Negative words kill sales. The good thing is that negative words are most likely more the result of your mind and environment, not any weakness in your vocabulary.

Get positive and your words will follow. (So will sales!)

How to Use Social Media to Boost Your Sales

Social Media & Sales Fuel

Really social media isn’t so different from the skills you use daily to sell. The anxiety comes with learning to use those skills in a new environment. For many of us in sales, technology beyond our cell phones and email is a bit intimidating. However, if you straight arm social media you are giving up opportunity in your sale pipeline.

Social Media 101 for Sales

The name itself makes social media sound like a marketing thing, but rest assured its more like a telephone–definitely a sales thing. The difference? Marketing is good at blasting and broadcasting. Sales is good at connecting and having conversations.

Social media is about good conversations.

So, lets start with the mind-set that social media is for sales. And we are going to use it like any other sales tool. We’re going to learn it, exploit it, and generate as many good conversations as possible.
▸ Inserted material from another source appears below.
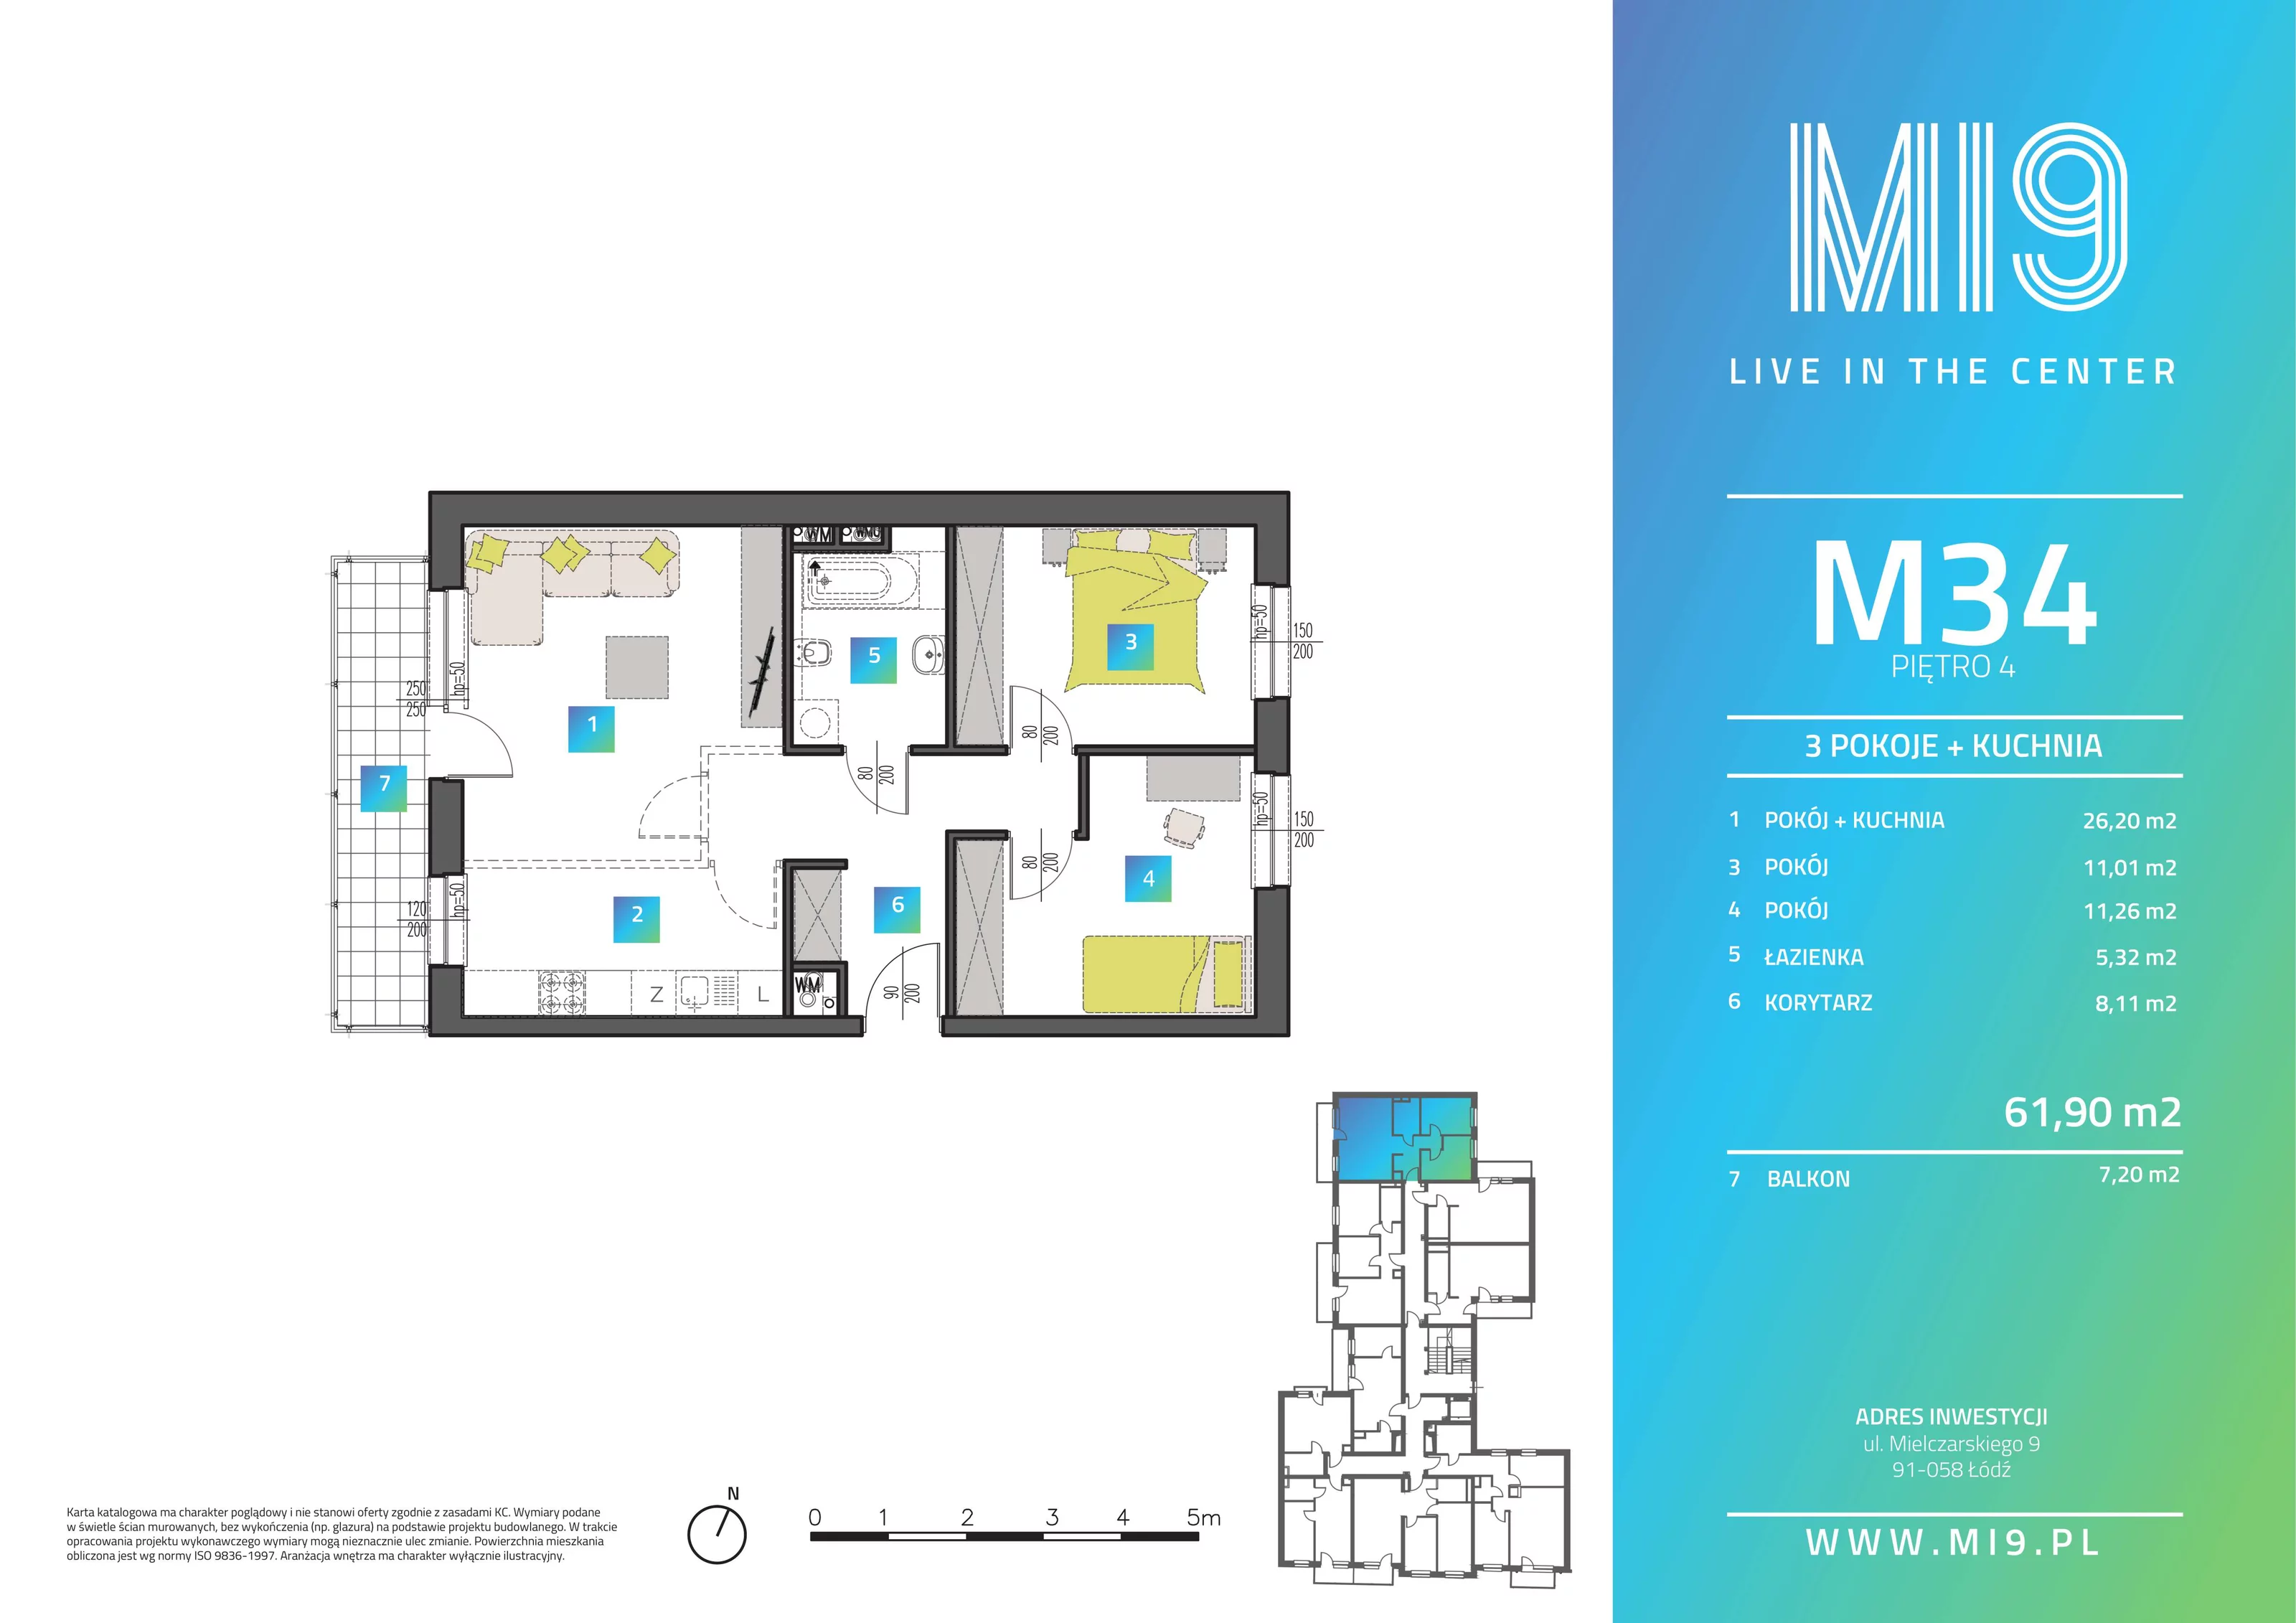 Apartament 61,90 m², piętro 4, oferta nr M34, Mi9, Łódź, Polesie, Stare Polesie, ul. Romualda Mielczarskiego 9

Here are the basic social media tools sales people should learn:

Linkedin - More than a resume, this social network is full of information on prospects and competitive intelligence. Plugging in and connecting your existing database of contacts will certainly reveal previously unknown connections and relationship, ready to be leveraged.

Facebook - Don’t underestimate this as simply a venue for neighborhood busy-bodies and teenagers. Facebook is increasingly becoming the primary destination of a large percentage of the Internet community. Although it is not a big player on the business front it will be–get acquainted now.

Twitter - Often described as micro-blogging or instant messaging on steroid, Twitter is a powerful tool for collecting competitive intelligence, sniffing out opportunities, and breaking through corporate firewalls (i.e., voice mail, email, and other gatekeepers).

Blogs - They’ve been around for years now, but they are still great ways to get closer to influencers in your market. Everyone reads them, your customers trust them, you’re smart to meet these important online publishers–they can help you land deals.

How Social Media Works

Think of social media as a blend between a contact database and a CRM system. If used correctly it will feed you a steady stream of news and updates that are important to your prospects.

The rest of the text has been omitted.